← Complex Numbers for AI Graph Theory for Machine Learning →

The Fourier Transform

> Every signal is a sum of sine waves. The Fourier transform tells you which ones.

Type: Build

Language: Python

Prerequisites: Phase 1, Lessons 01-04, 19 (complex numbers)

Time: ~90 minutes

Learning Objectives

Implement the DFT from scratch and verify it against the O(N log N) Cooley-Tukey FFT
Interpret frequency coefficients: extract amplitude, phase, and power spectrum from a signal
Apply the convolution theorem to perform convolution via FFT multiplication
Connect Fourier frequency decomposition to transformer positional encodings and CNN convolution layers

The Problem

An audio recording is a sequence of pressure measurements over time.
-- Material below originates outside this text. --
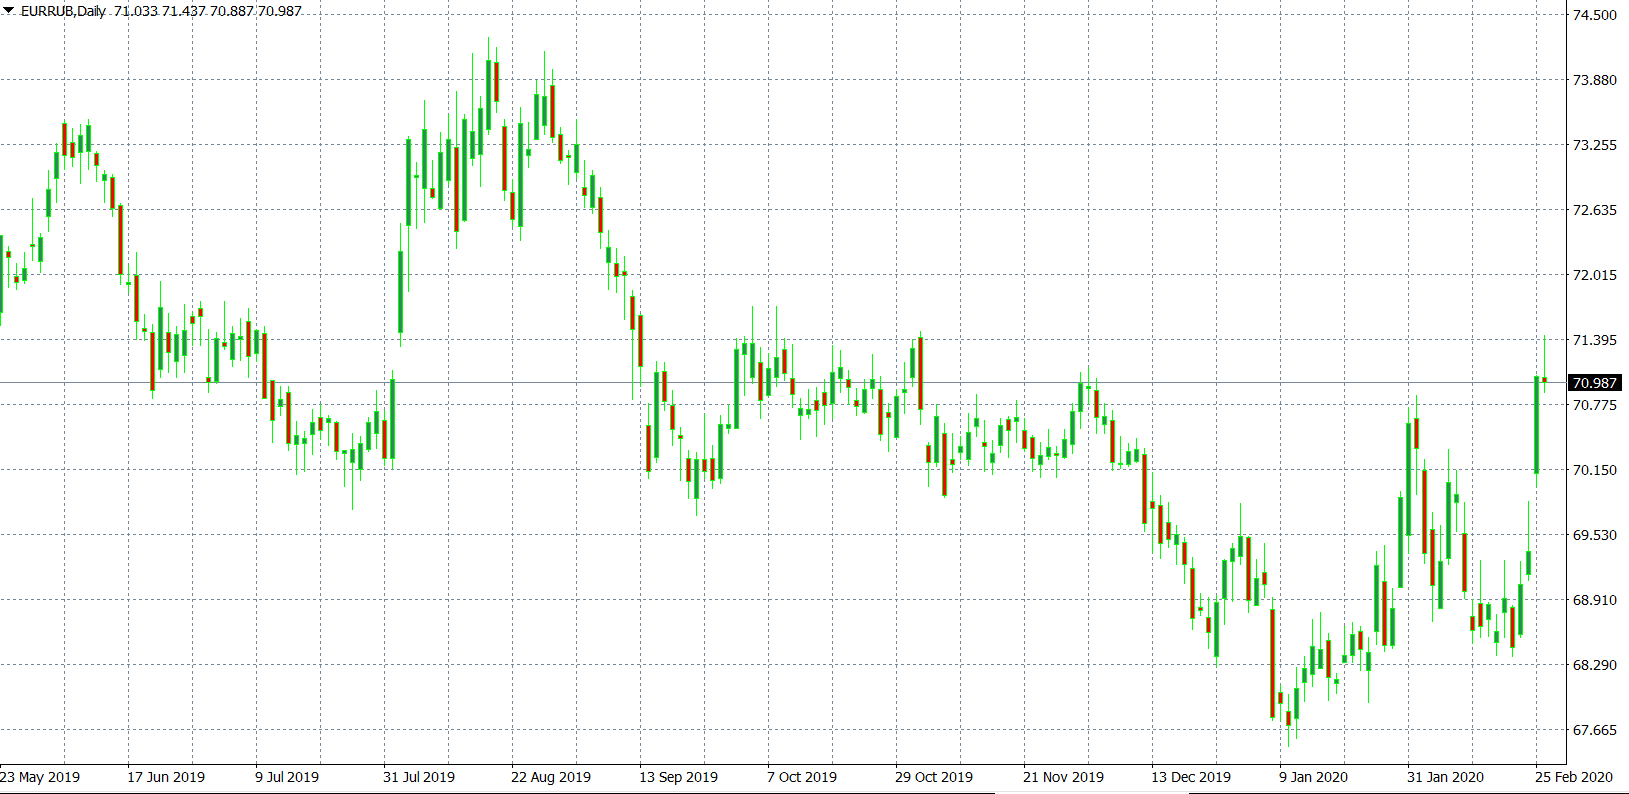 Прогноз курса евро к рублю на март 2020 года

A stock price is a sequence of values over days. An image is a grid of pixel intensities over space. All of these are data in the time domain (or space domain). You see values changing over some index.

But many patterns are invisible in the time domain. Is this audio signal a pure tone or a chord? Does this stock price have a weekly cycle? Does this image have a repeating texture? These questions are about frequency content, and the time domain hides it.

The Fourier transform converts data from the time domain to the frequency domain. It takes a signal and decomposes it into sine waves of different frequencies. Each sine wave has an amplitude (how strong it is) and a phase (where it starts). The Fourier transform tells you both.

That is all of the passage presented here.